What type of mirror's are any of you using on your UTV's I found one at Gander for $39.00, Kolpin...any thoughts?


----------



## grizzlyadams73 (Jul 13, 2003)

think i only paid $25 for the kolpin one from the dealer


----------



## glockman55 (Mar 9, 2006)

Picked one up yesterday..


----------



## jampg (Jan 27, 2007)

That looks like a nice one. Does that have OnStar?


----------



## Swamp Monster (Jan 11, 2002)

Does it work well? I want one as well but wondered if they vibrate bad enough to make them useless.


----------



## glockman55 (Mar 9, 2006)

Swamp Monster said:


> Does it work well? I want one as well but wondered if they vibrate bad enough to make them useless.

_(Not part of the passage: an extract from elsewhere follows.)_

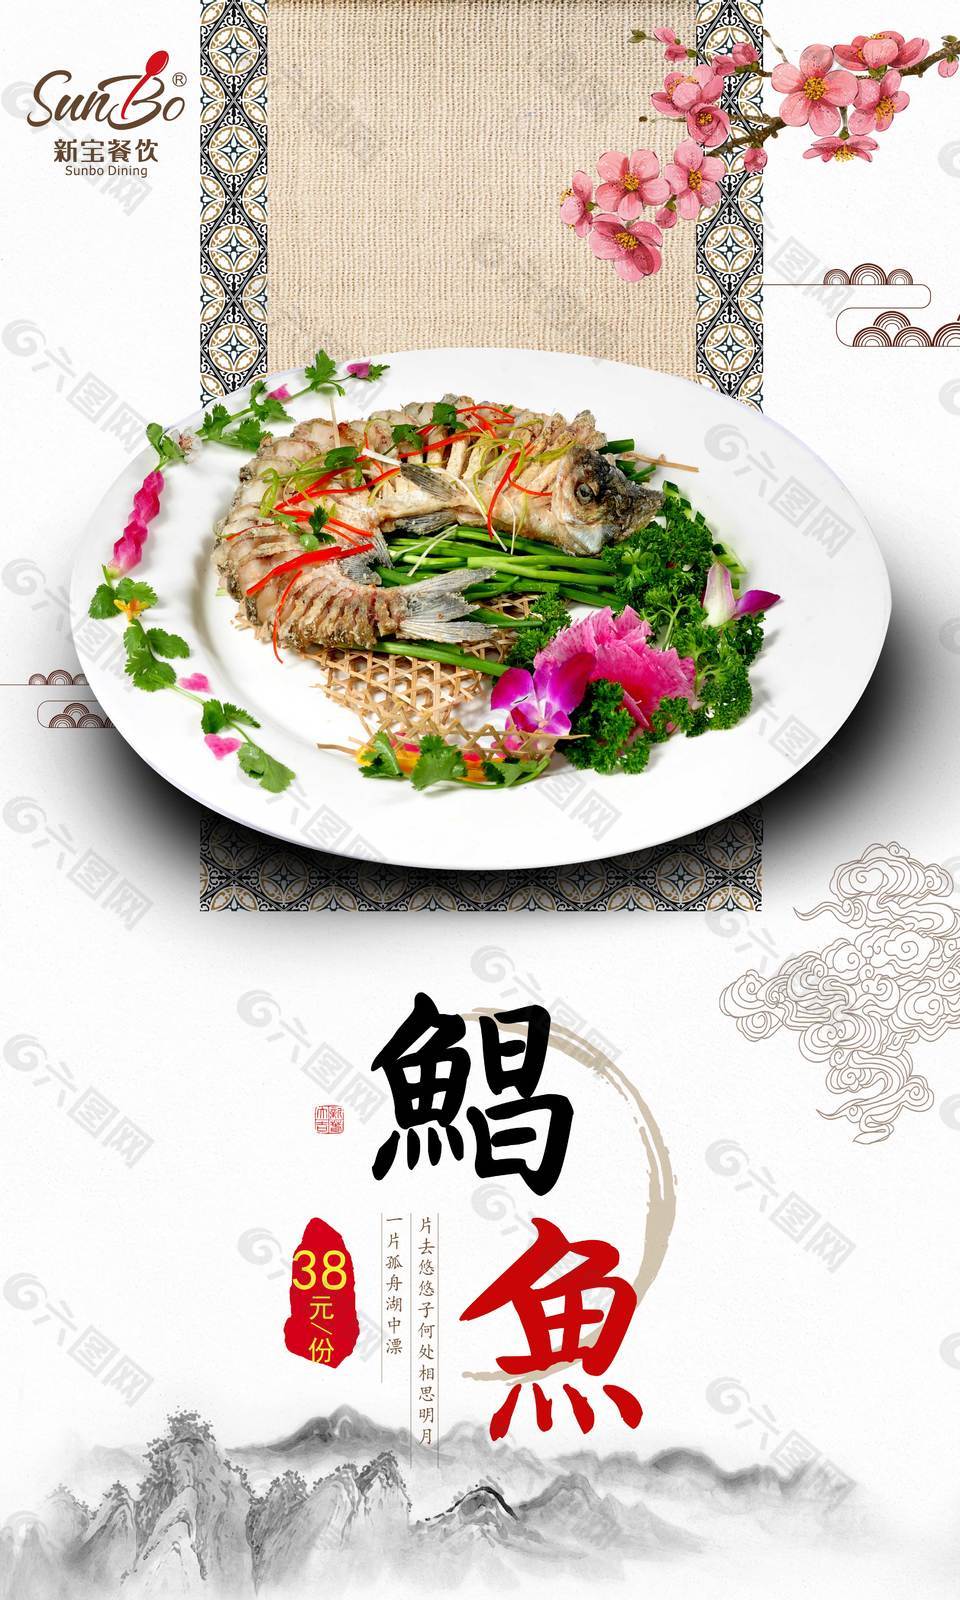 中国传统美食促销海报
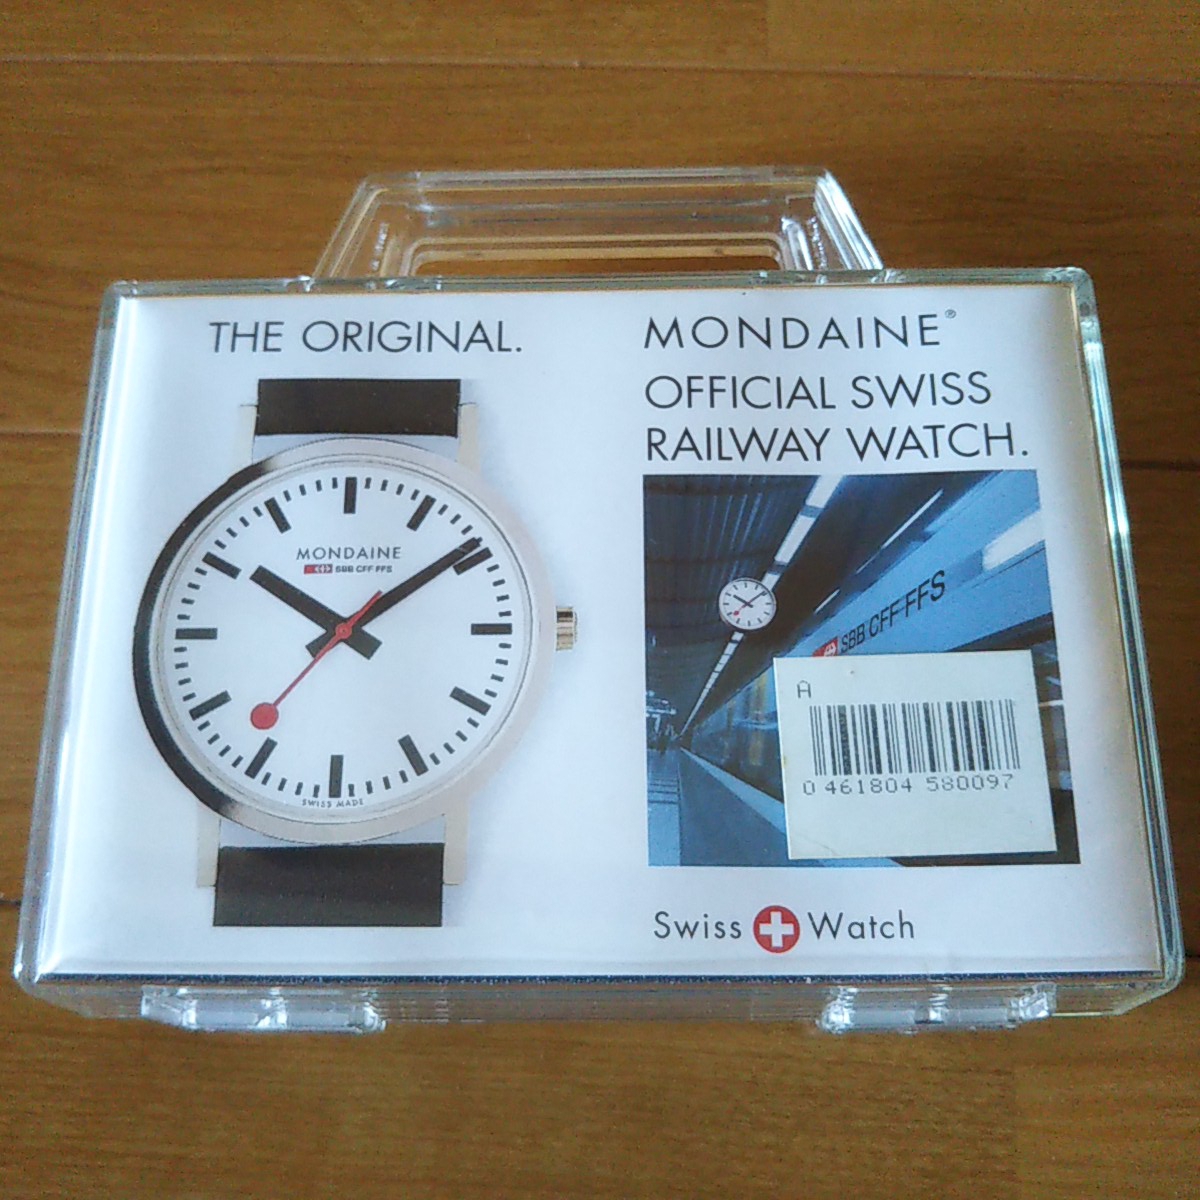 瑞士國家鐵路時鐘Mondyne MONDAINE懷錶未使用的物品電池缺貨 原文:スイス国鉄採用 時計 モンディーン MONDAINE 懐中時計 未使用品 電池切れ品

 I'll tell more after a week in the woods.


----------



## GrizzlyHunter (Jun 17, 2005)

glockman55 said:


> What type of mirror's are any of you using on your UTV's I found one at Gander for $39.00, Kolpin...any thoughts?


I use a 36" wide Wink Mirror on my Rhino. It's a series of (5) smaller mirrors arrange in a series that allows you to see virtually anywhere behind you buggy. It's pretty sweet.

GH


----------